Owl's Head Cliff (Oliverian Notch)
Central and eastern side
Owl's Head is a 600ft south facing Basalt cliff. It is situated in Oliverian Notch. Owl's Head has a dozen or so rock climbs of moderate to desperate friction slab climbing. It has a few ice climbing routes in the winter.
Beavers have moved into the neighborhood after the pasture and before the hardwood forest. These beavers have really made a mess of what was once a simple stream crossing. So plan on getting wet and muddy. There is also a brook that must be crossed in the middle of the pasture that isn't shallow and usually has a fast current. Another access is at the boating ramp road, where it meets Rt.25. Walk until your at the end of the pasture and follow the pasture's edge to the beaver brook swamp section streams to cross. This is national forest property now. I used to enter this way 20 years before the beavers created the wet lands and swamp.
When you get to the woods follow logging roads towards the cliff but it is best not to approach the cliff from it's central eastern side. Find the wide sandy logging road and remain on it (be careful of reforestation pine trees knee high to a grass hopper on the road) until you are heading north towards the cliff. Where it ends there are small cairns to follow near to the logging road on the central slightly east side below the base of the cliff. It is an easy short hike to the base. On the west side are the easiest climbs (for the most part) to the central buttress that separates the west from the east side or the owls beak and also known as the nose. The east side of the beak is primarily harder routes but a few easier lines do exist on this side also on it's most eastern side. It should take less than a hour to be at the base of the cliff.

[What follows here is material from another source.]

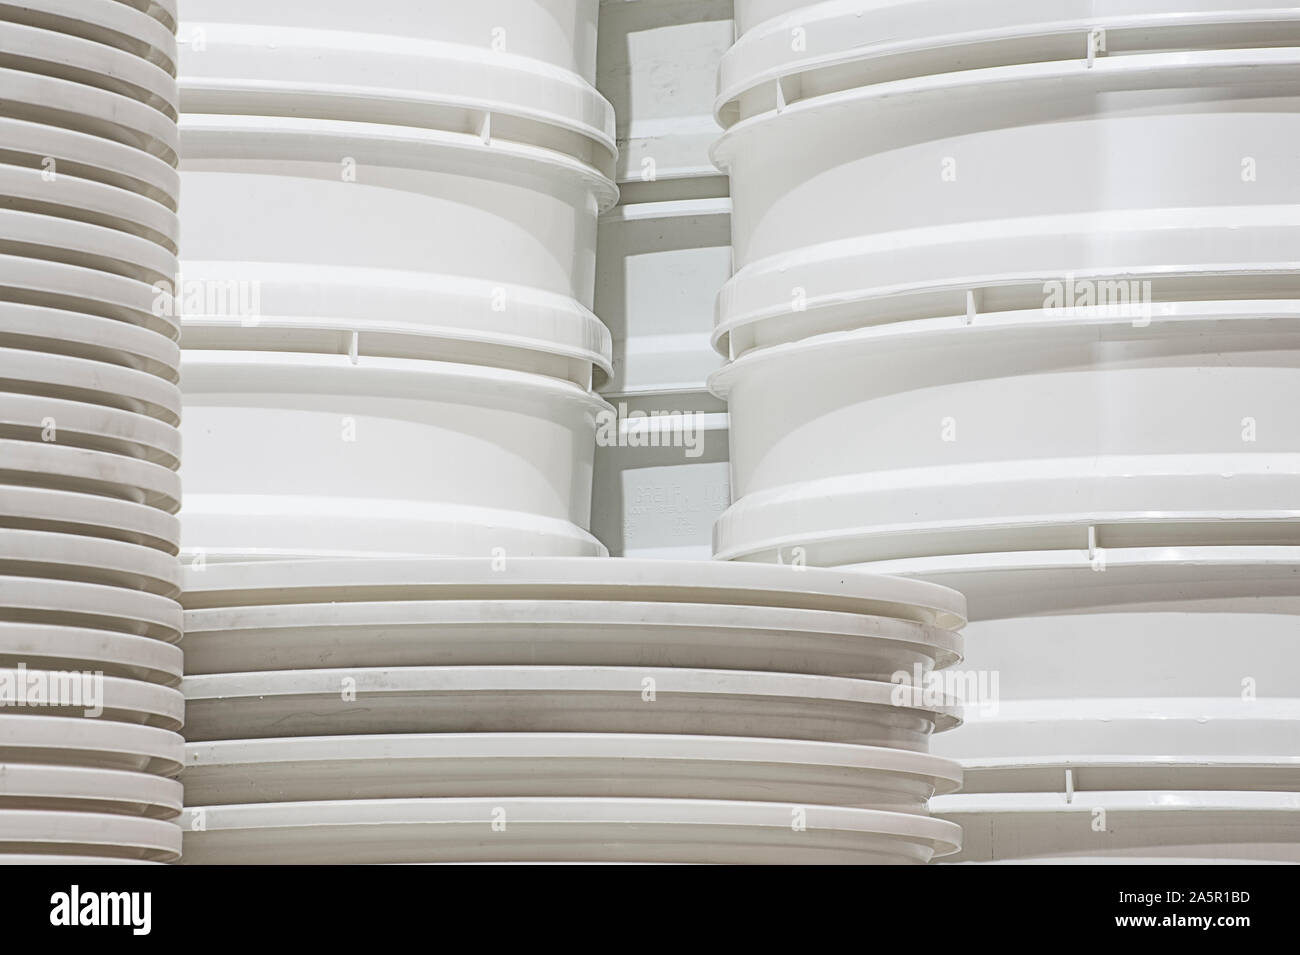 Stack of white buckets Stock Photo
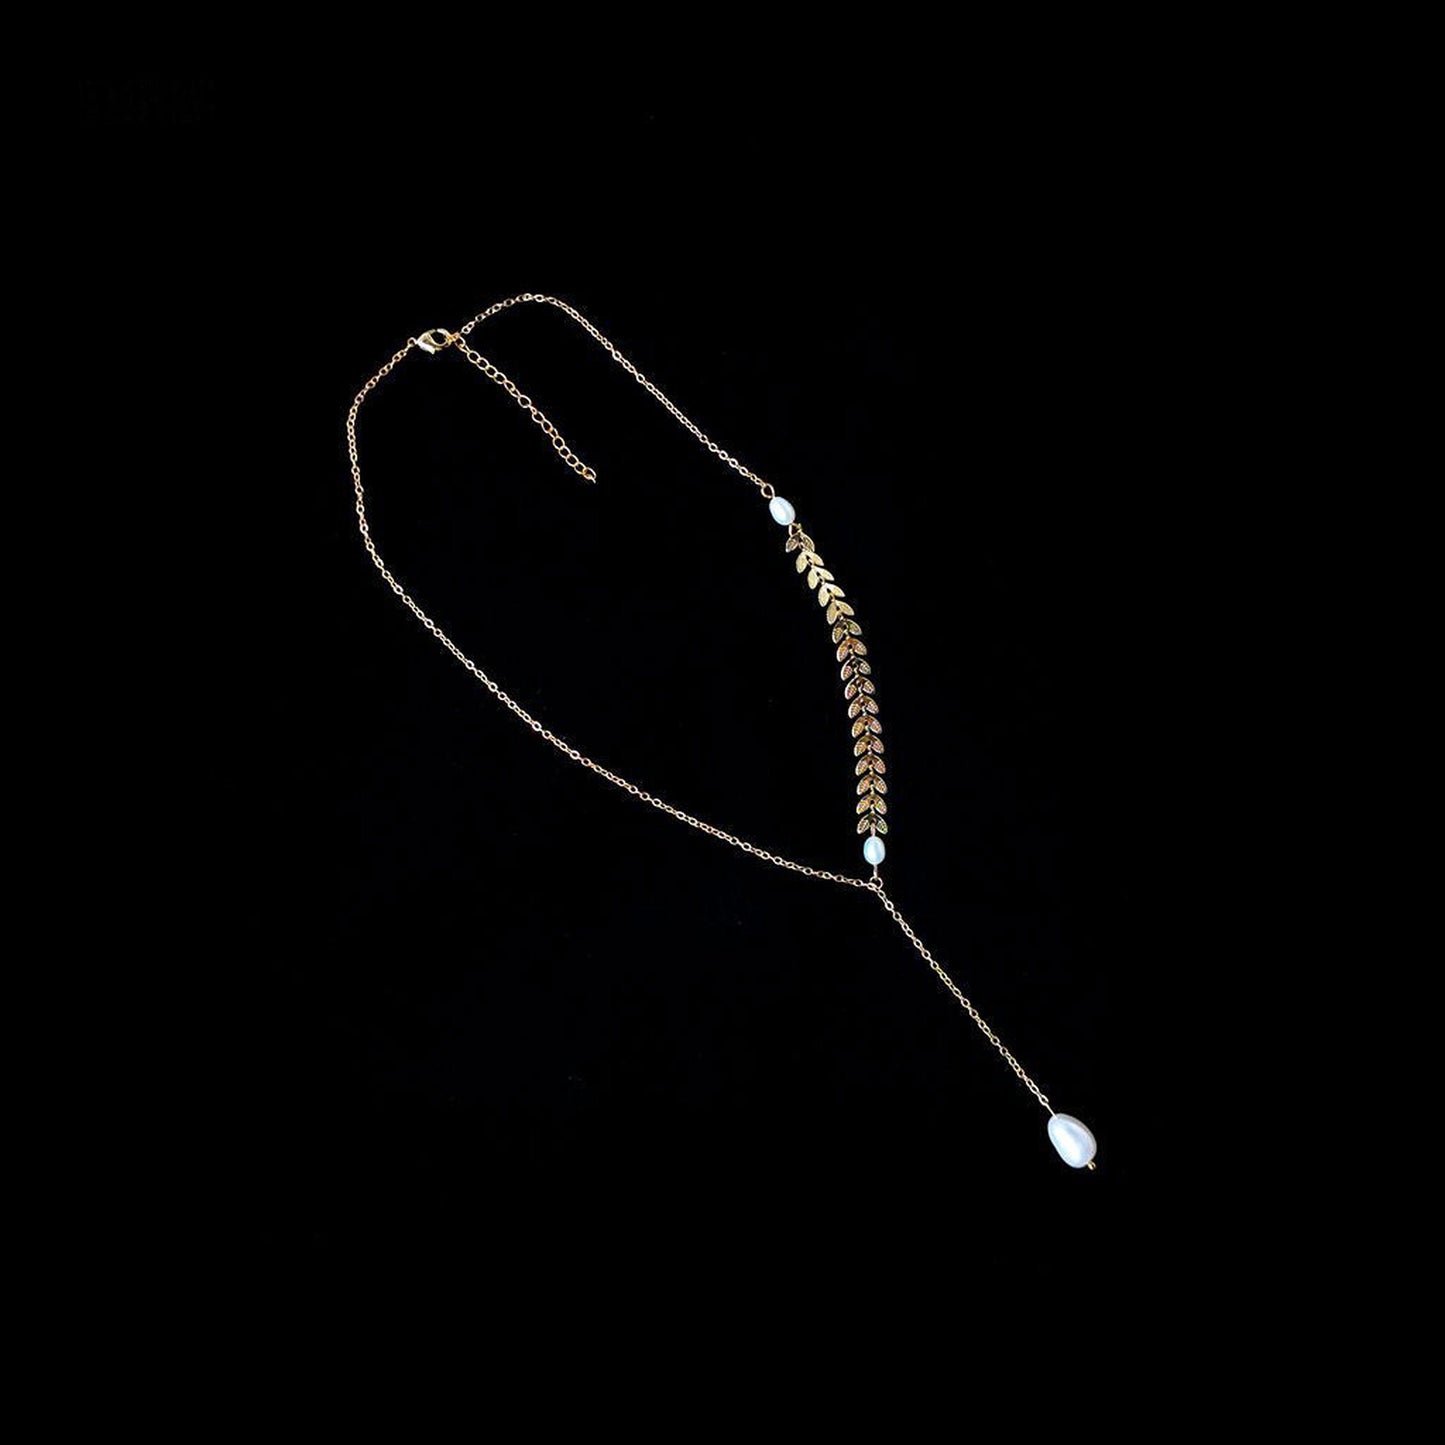 14K Gold Real Pearl Necklace, 2 Way Y Lariat Necklace, Ear of Wheat Necklace, Olive Leaf Vine Necklace, Dainty Curving Bar Layering Necklace

Owls head is definitely not for everyone to enjoy. Even the easiest routes have long run outs and route finding difficulties. Because many of the steepest climbs were bolted and the cliff is south facing, the bolts not made out of stainless steel tended to wear out quickly. Therefore much of the bolts placed in the 1980's and early 90's are rotted. There are several trad climbs without any bolts and a few rotting pitons on them.
Owl's Head has been climbed since the late 1930's up the center beak buttress area by Bert Jensen and his companions. The Dartmouth Outing Club (D.O.C.) utilized the cliff continuously for decades. It has had advent visitors since Jensen's possibly first ascents over much of the cliff's traditional climbs.
The main boiler plate slabs are 400 feet. Top of it used to have a bolted rappel line I established in 1986 (not stainless steel). Other areas of the cliff you must walk off and down to get back to your car unless there are trees to do multiple rappels down. The best way to walk off is by heading up and then east after the cliff's summit until you can steeply descend just past the cliff's east side. This will bring you back to the base but it is easier to avoid the base and head south through the woods before heading west to the logging roads that brought you in.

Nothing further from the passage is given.